Der Sommer steht vor der Tür und wieder haben wir für Sie eine große Auswahl von Kunst- und Sammlergegenständen sowie Möbel und Schmuck zusammengestellt. Die Auktion enthält mehrere große Sammlungen. 

Eine dieser Sammlungen wurde über Jahrzehnte zum Thema Pferde- und Reitsport zusammengetragen und enthält zahlreiche Gemälde und Bronzen. Von dem aus Limoges stammenden Bildhauer Léon Bureau sind dem Kunstmarkt zahlreiche Tierbronzen bekannt. Ein Jockey zu Pferd (Lot 0243) wird in der nächsten Auktion für einen Aufrufpreis von 4.000 EUR angeboten. Aus derselben Sammlung stammen vier stimmungsvolle Gemälde des Münchners Hubert Kaplan. Im Jahr 1981 preisgekrönt im Wettbewerb „Bayrische Maler malen Bayern“, zeigen seine Malereien friedliches Landidyll oder auch vielfigurige, heitere Stadtszenen, wie die detailfreudigen Gemälde „Augsburger Sommer“ und „Augsburger Winter“ (Losnummern 0076-0079, Aufrufpreise zwischen 3.500 EUR und 10.000 EUR). 

Eine weitere Sammlung besteht aus zahlreichen Musikspielautomaten, Singvogelkäfigen und Drehorgeln aus dem 19. und 20. Jahrhundert. Unter der Nummer 0305 wird ein Gründerzeit Musik-Automat für 4.200 EUR aufgerufen, gefertigt von Polyphon, Leipzig um 1890. Ebenfalls um 1890/1900 entstand der Walzenspielautomat mit passendem Untergestell (Lot 0306, Aufrufpreis 6.200 EUR), der mit drei Walzen zu je zwölf Liedern ausgestattet ist. 

Eine Federzeichnung in Tusche sowie drei druckgraphische Werke des bedeutenden deutschen Expressionisten Max Pechstein (Losnummern 0016, 0193-0195) sind in der kommenden Auktion vertreten. Das vorliegende Blatt ist wohl eine unmittelbare Vorzeichnung zu dem bekannten „Palau-Triptychon“, beziehungsweise zu deren Mitteltafel („Heimkehrende Kanus“, Aufrufpreis 4.000 EUR). Auch die Kaltnadelradierungen, die als Illustrationen zu dem Buch „Yali und sein weißes Weib“ entstanden, zeugen von den auf Reisen gewonnenen Eindrücken (Aufrufpreise zwischen 400 und 600 EUR). 

Der Niederländer Adriaen Cornelisz Beeldemaeker (geb. 1618 in Rotterdam, gest. 1709 in Den Haag) malte vornehmlich Genre- und Jagdszenen, doch auch Porträts gehörten zu seinem Repertoire. Im Jahr 1687 entstand das vorliegende „Familienbildnis“, welches aus Osnabrücker Privatbesitz stammt (Lot 0150, Aufrufpreis 4.500 EUR). 

Unter der Losnummer 0269 wird eine flämische Tapisserie des 17. Jahrhunderts mit der Darstellung einer Schlüsselübergabe aufgerufen. Die vielfigurige Darstellung, in der einem  König mit Krone und Zepter zwei Schlüssel überreicht werden, ist seitlich und oben umgeben von einer breiten floralen Bordüre mit Porträtkartuschen. Die Tapisserie befindet sich in einem guten Erhaltungszustand und wird mit einem Startpreis von 20.000 EUR angeboten.

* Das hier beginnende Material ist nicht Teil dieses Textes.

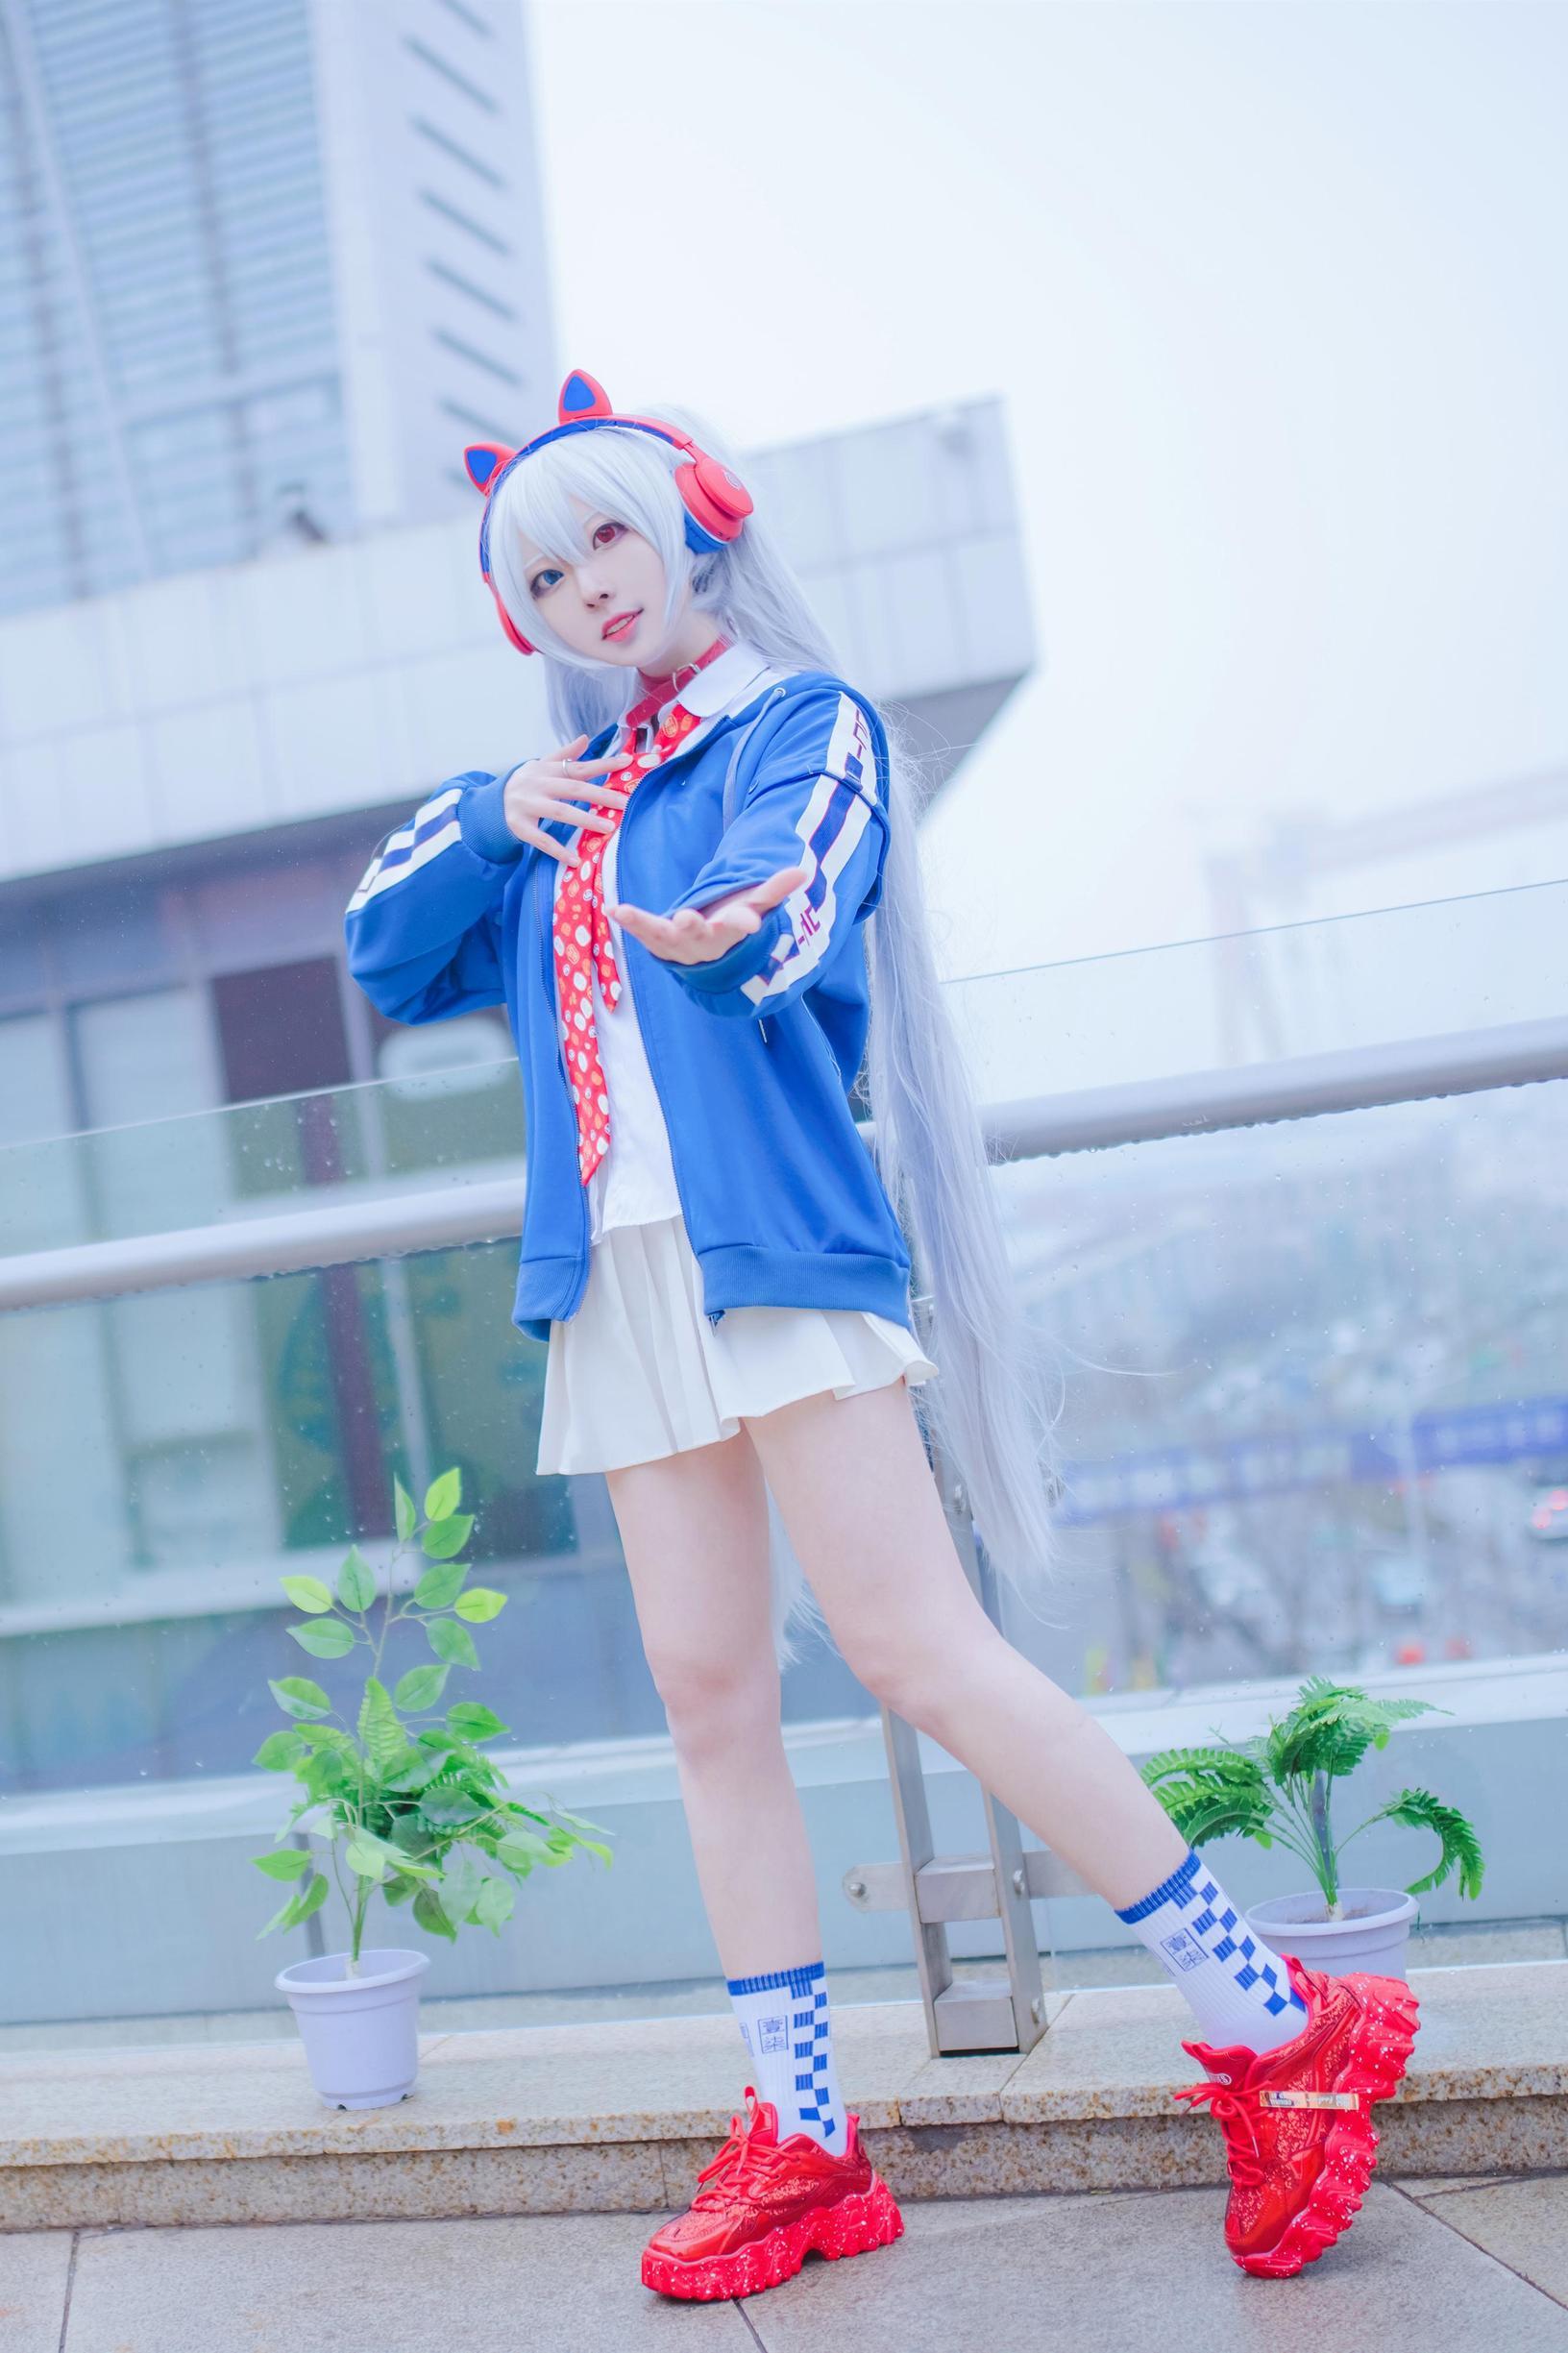 @钢筋直男404 漫展cosplay返图在线看

Über 200 Positionen Taschen-, Armbanduhren und Schmuck warten auf die Kundschaft. Darunter befinden sich einige mehrkarätige Brillanten, wie zum Beispiel die Losnummer 0396, ein Damenring mit Brillantsolitär von über 5,5 ct. (cape/pII-pII), der für 25.000 EUR angeboten wird. 

Sammler und Bewunderer figürlicher Pozellankompositionen können sich in der kommenden Auktion über eine Meissner Maria Immaculata erster Wahl (Staatliche Porzellan Manufaktur, Meissen 1924-1934) freuen. Das Modell stammt aus der Hand Johann Gottlieb Kirchners aus dem Jahr 1732. Unter der Losnummer 0746 wird eine der heute limitiert erhältlichen Figuren für 3.300 EUR angeboten. Auch der Centaur mit jungem Bacchus (Lot 0825, Aufrufpreis 2.000 EUR) aus der Königliche Porzellan Manufaktur, Berlin 1915-1918, zeugt von vollendeter Handwerkskunst. 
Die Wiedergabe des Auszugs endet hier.